Assignment:
Return an exact copy of the lines from the one holding "Don't run fly" to the end of the data, including both the starting and final lines. Leave the pictures out.

[Opening Supplied material section]

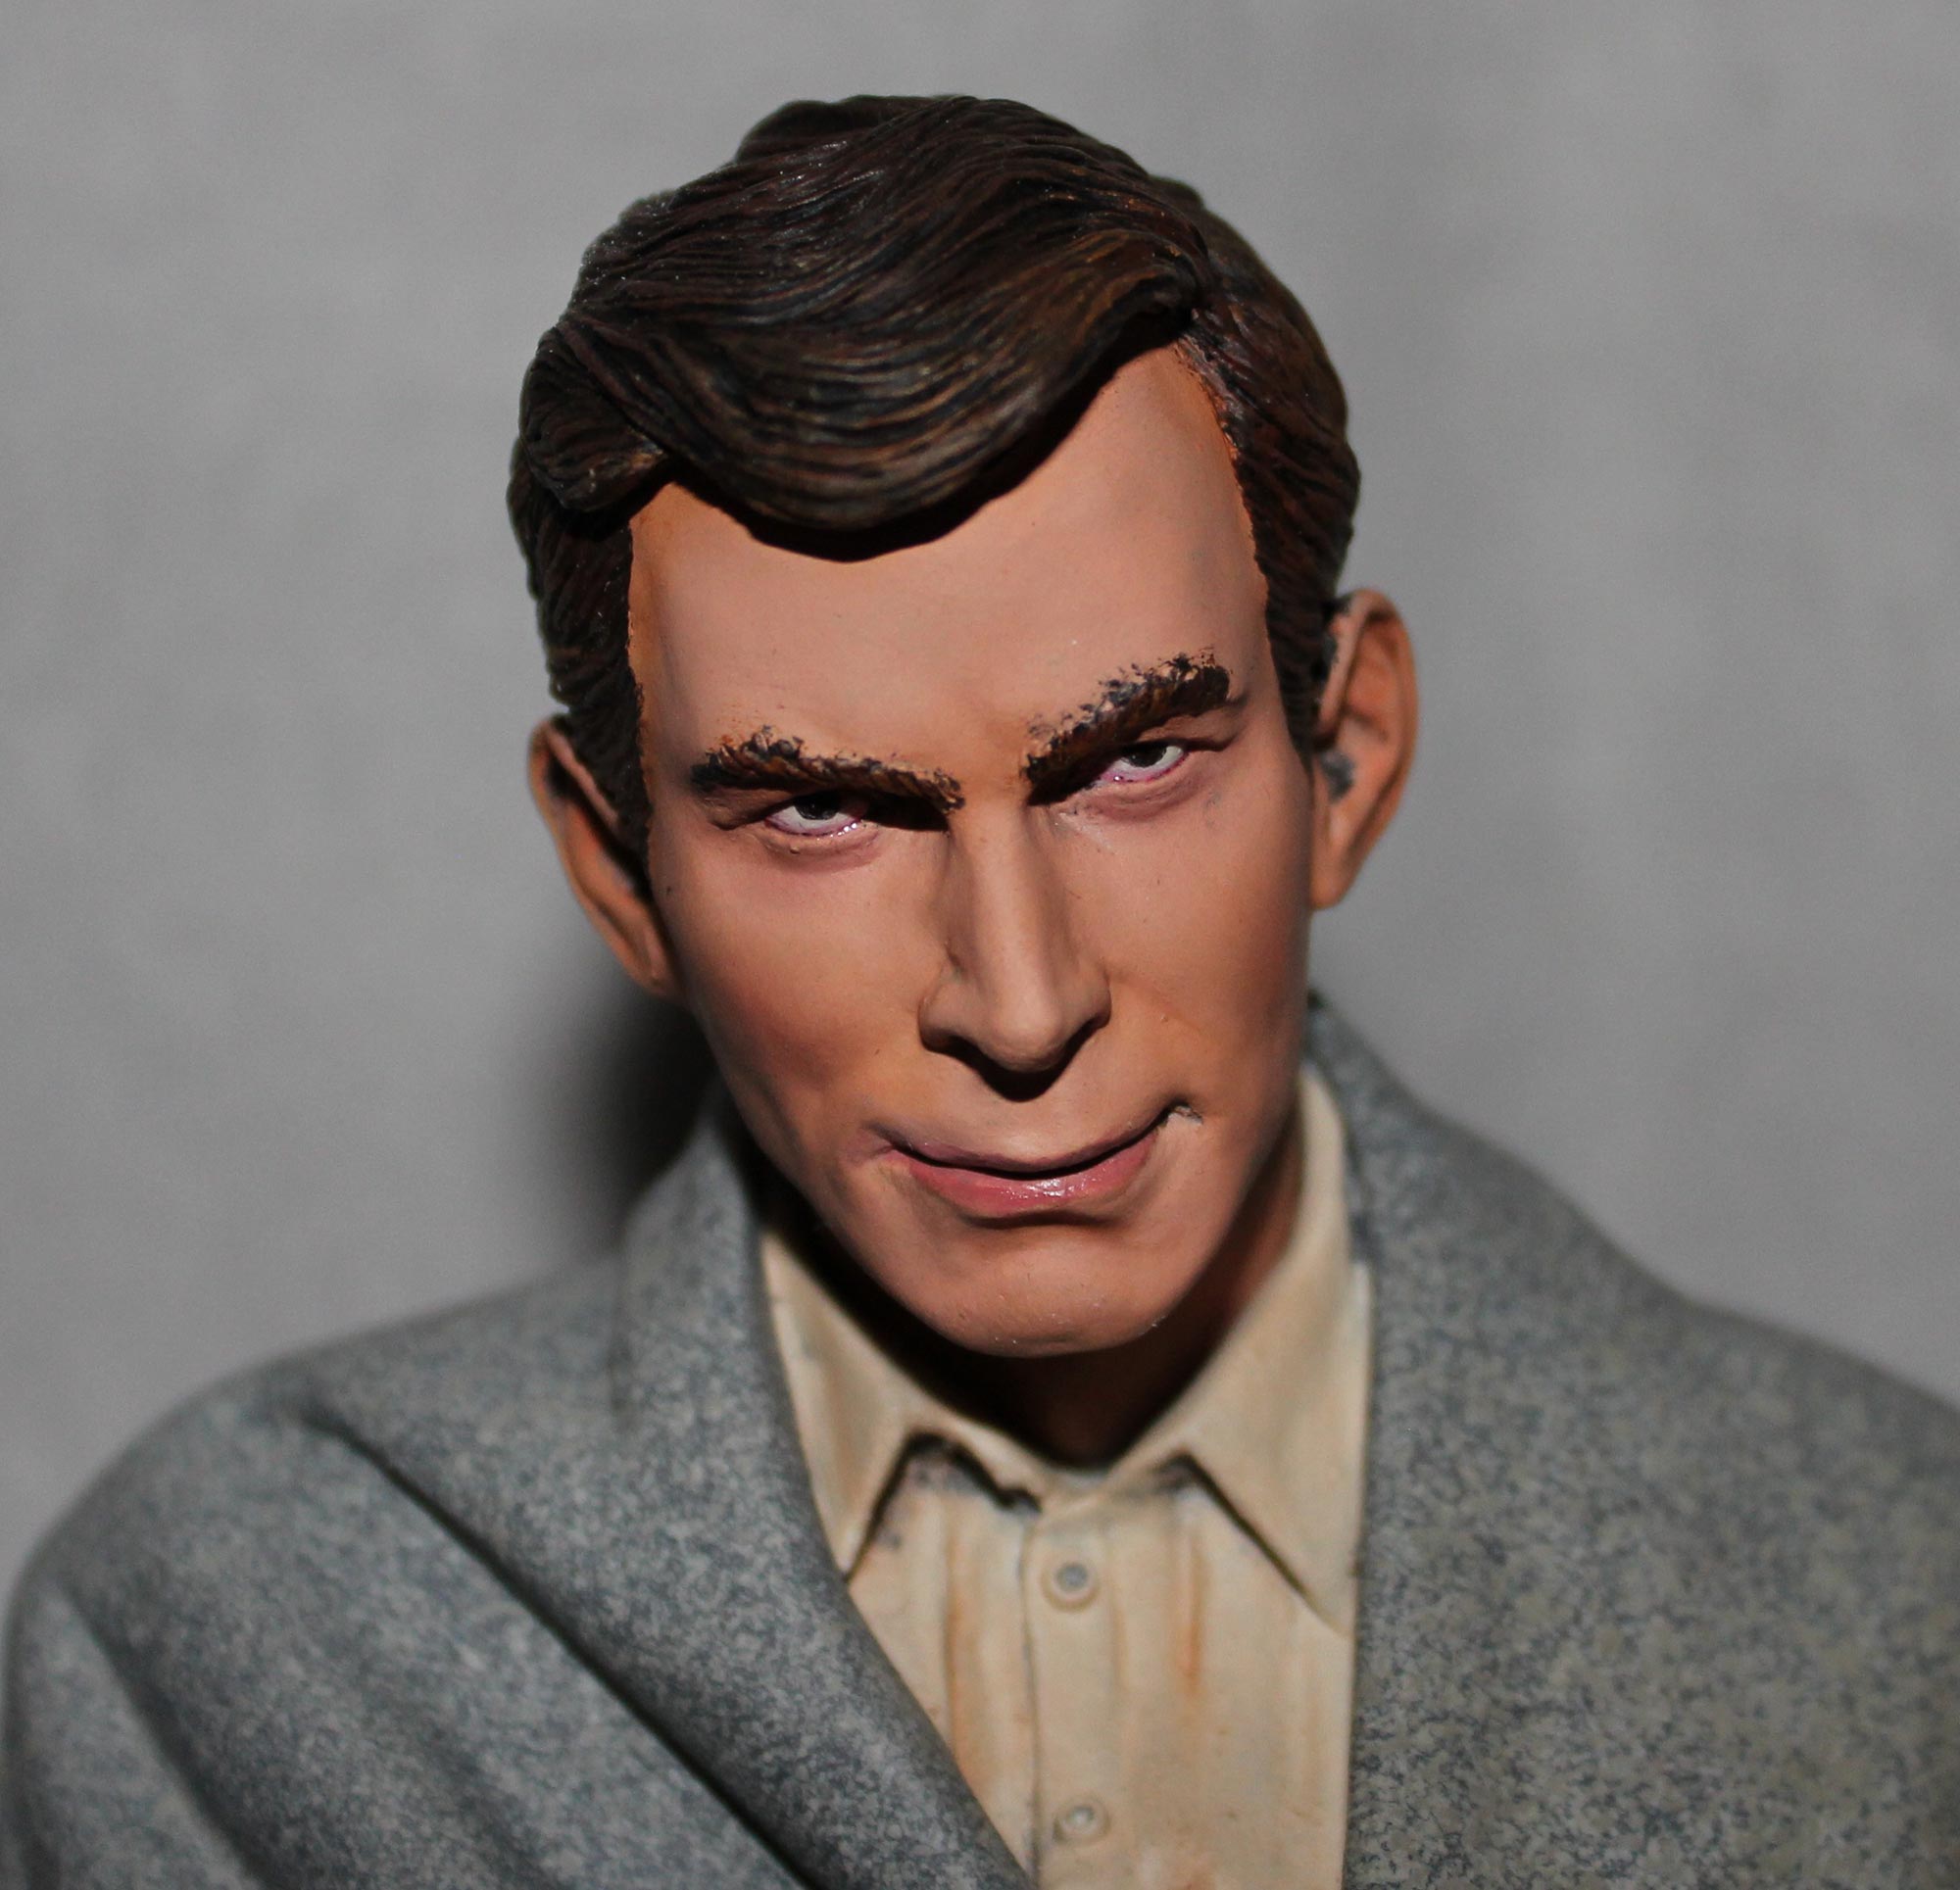 Norman Bates – The Doctor's Model Mansion
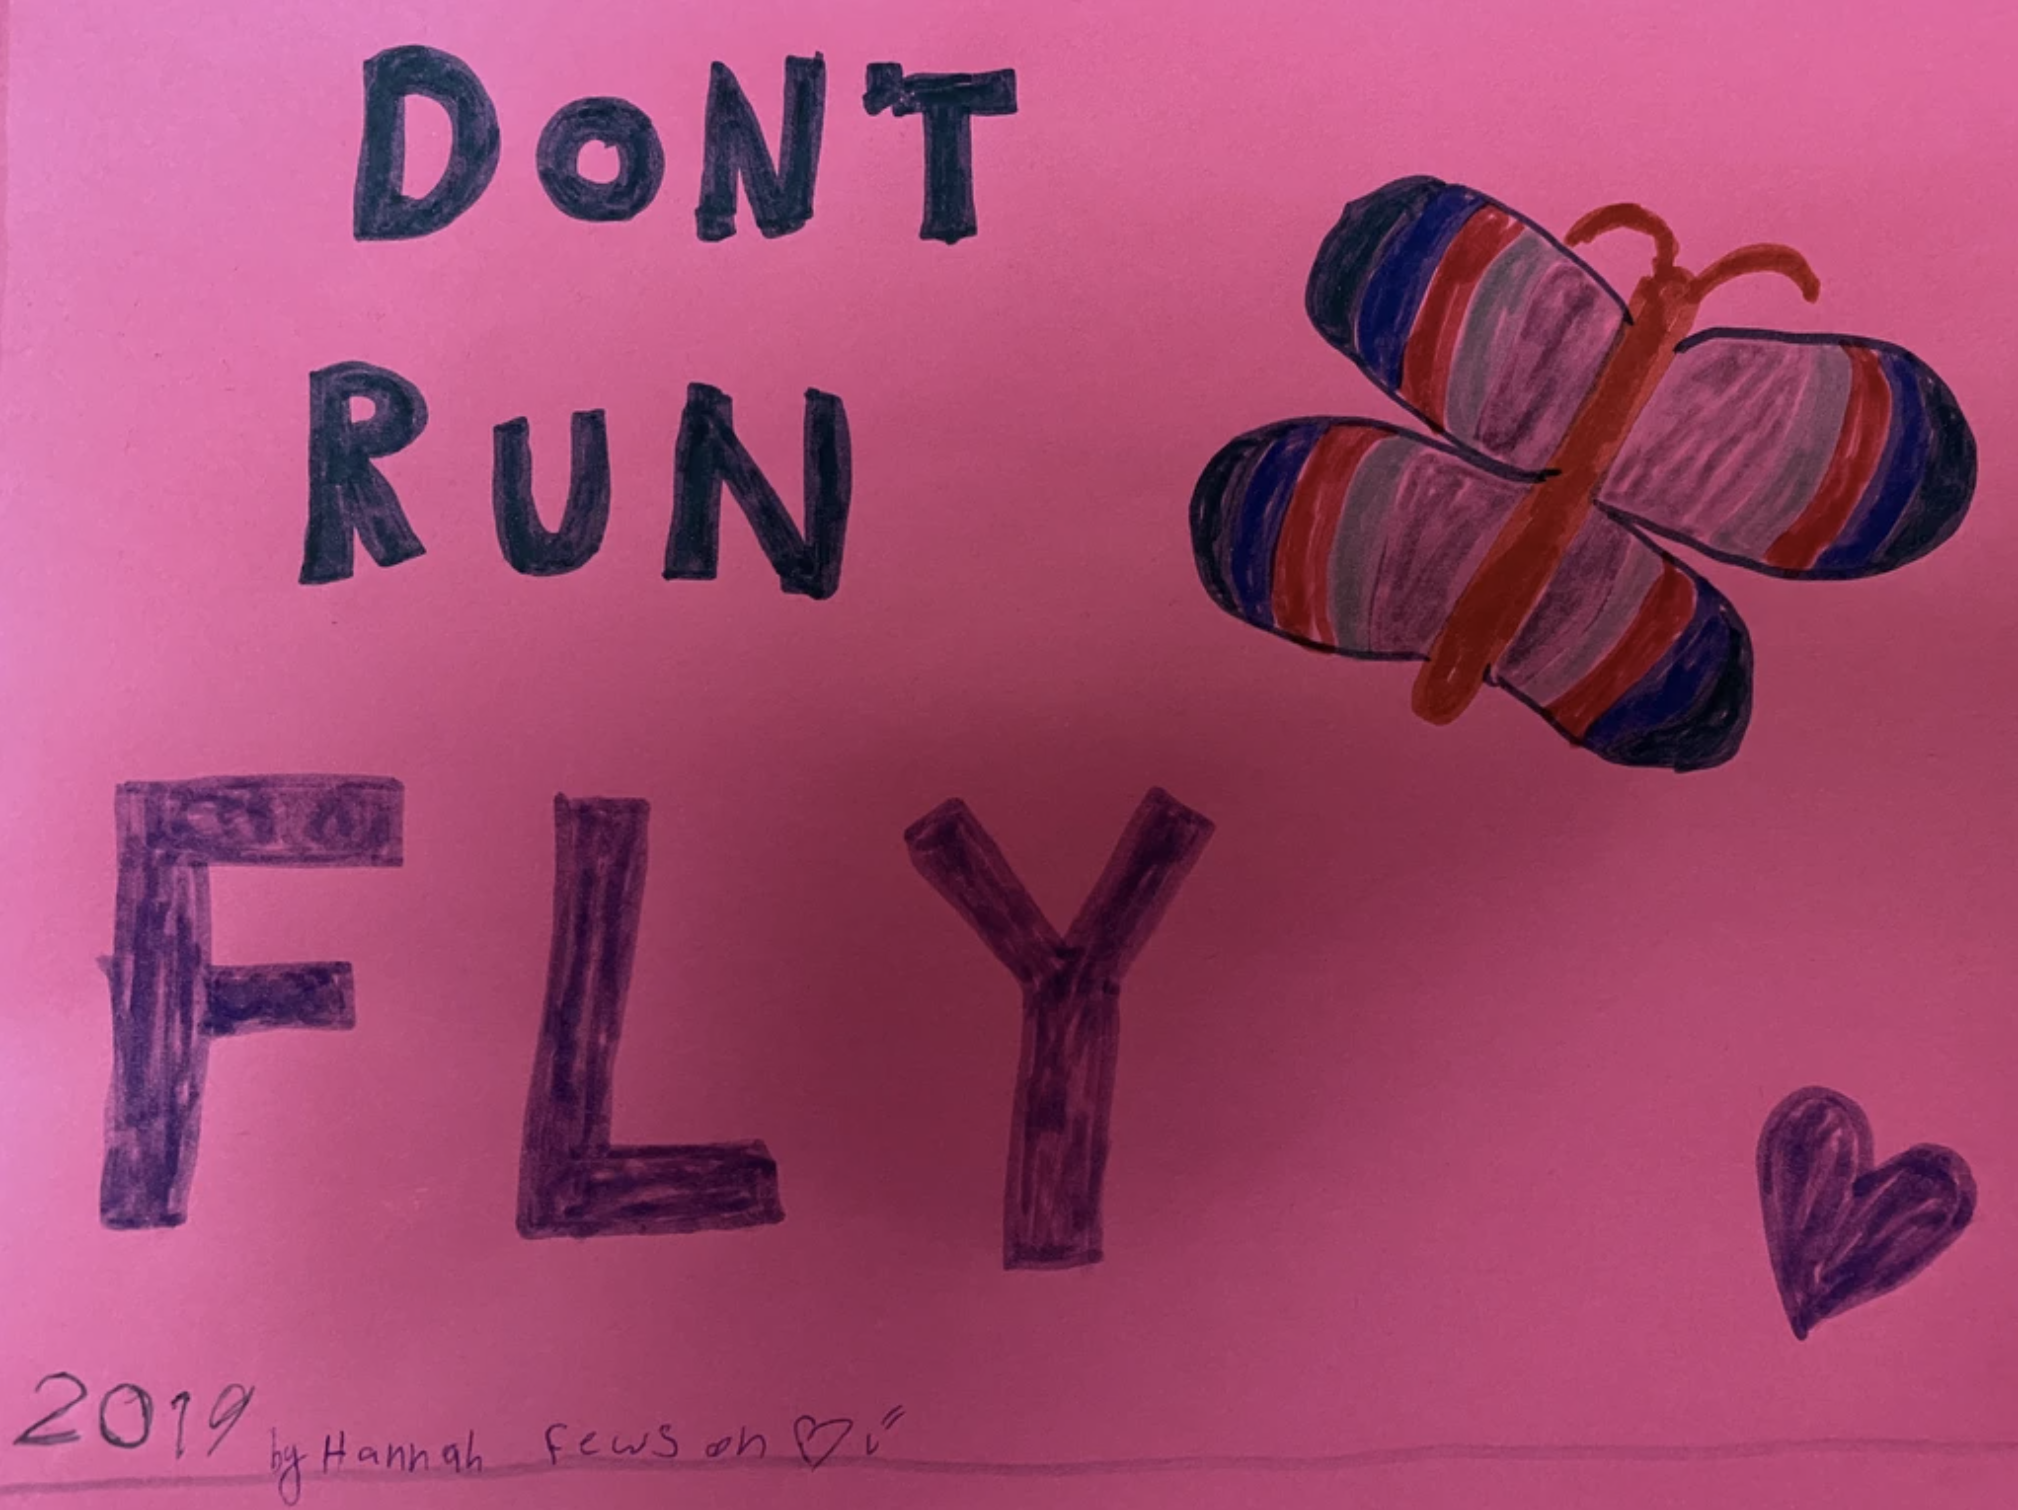 Don't run fly with a drawn butterfly and heart by Hannah Fews
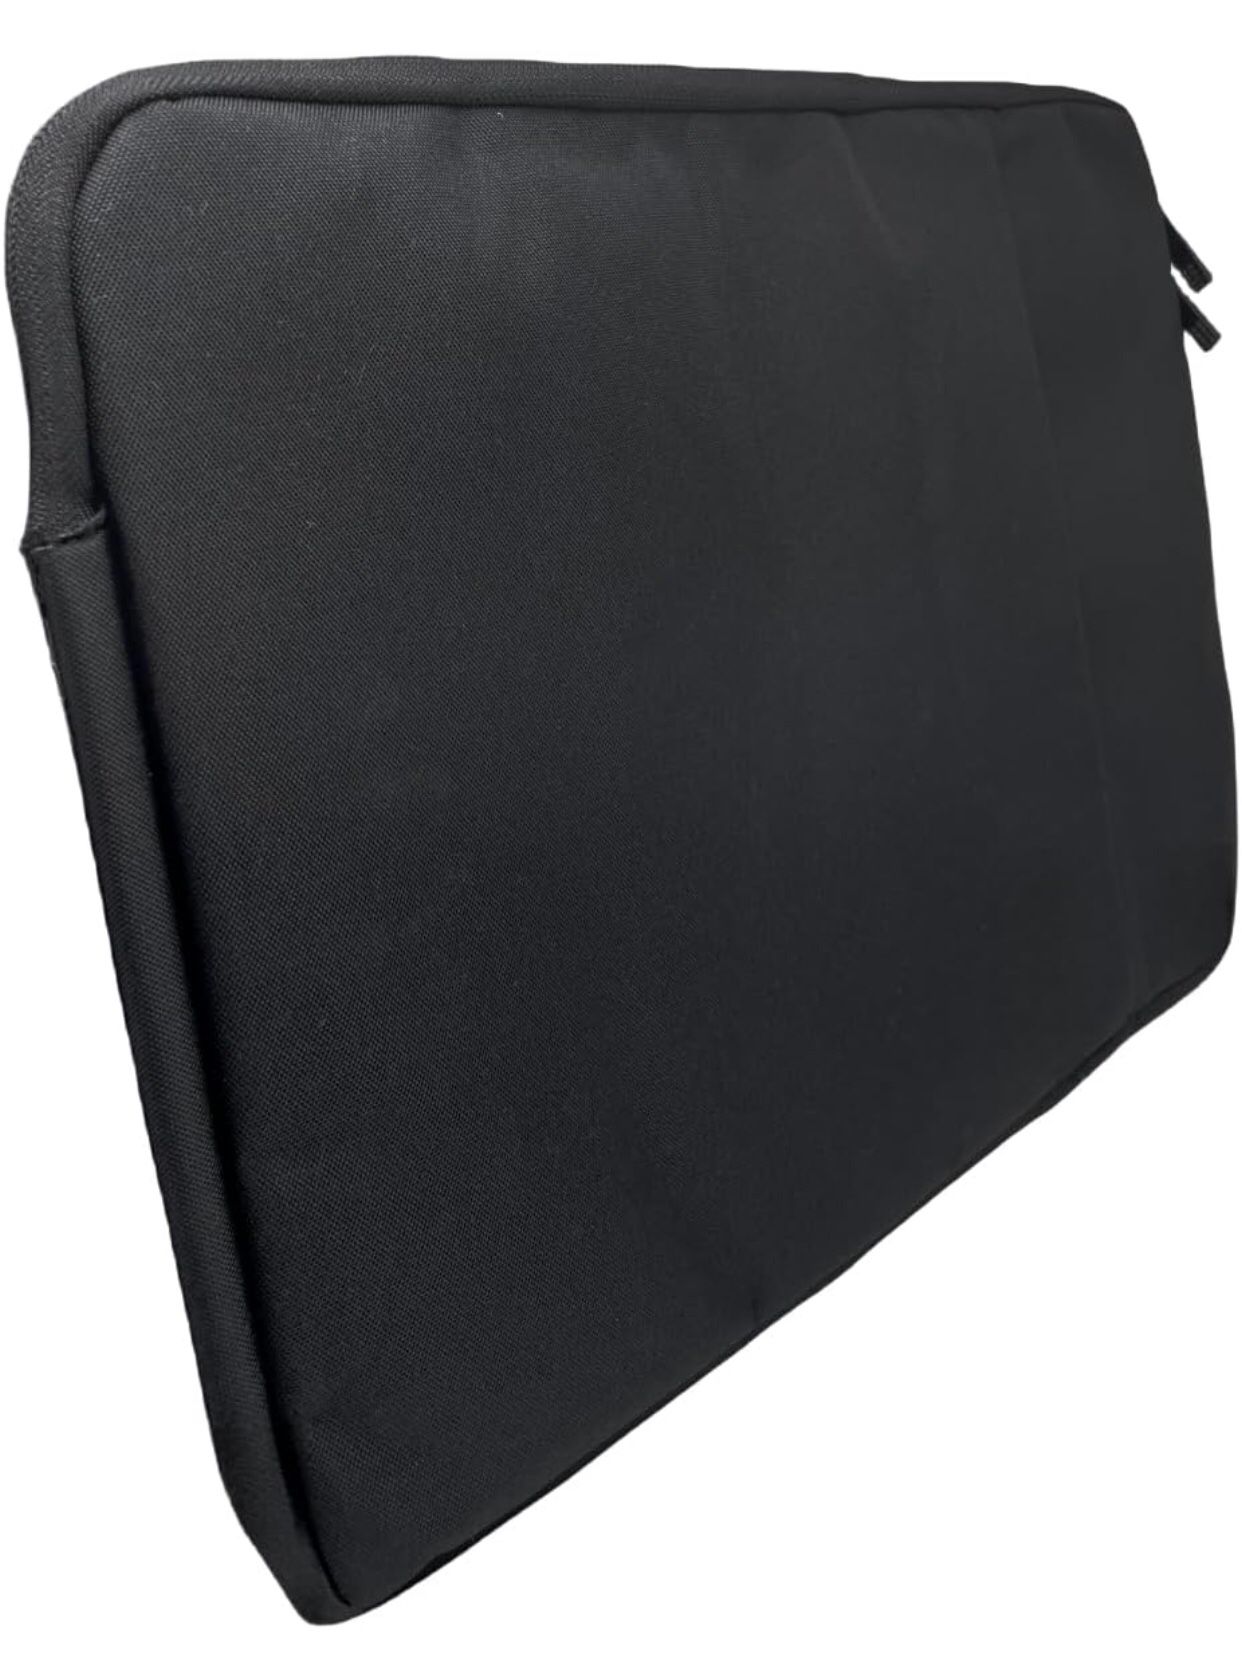 Basics 14-Inch Laptop Sleeve with grey Handle, Protective Case with Zipper - Black

[Closing Supplied material section]

Answer section:
 Don't run fly with a drawn butterfly and heart by Hannah Fews
 Basics 14-Inch Laptop Sleeve with grey Handle, Protective Case with Zipper - Black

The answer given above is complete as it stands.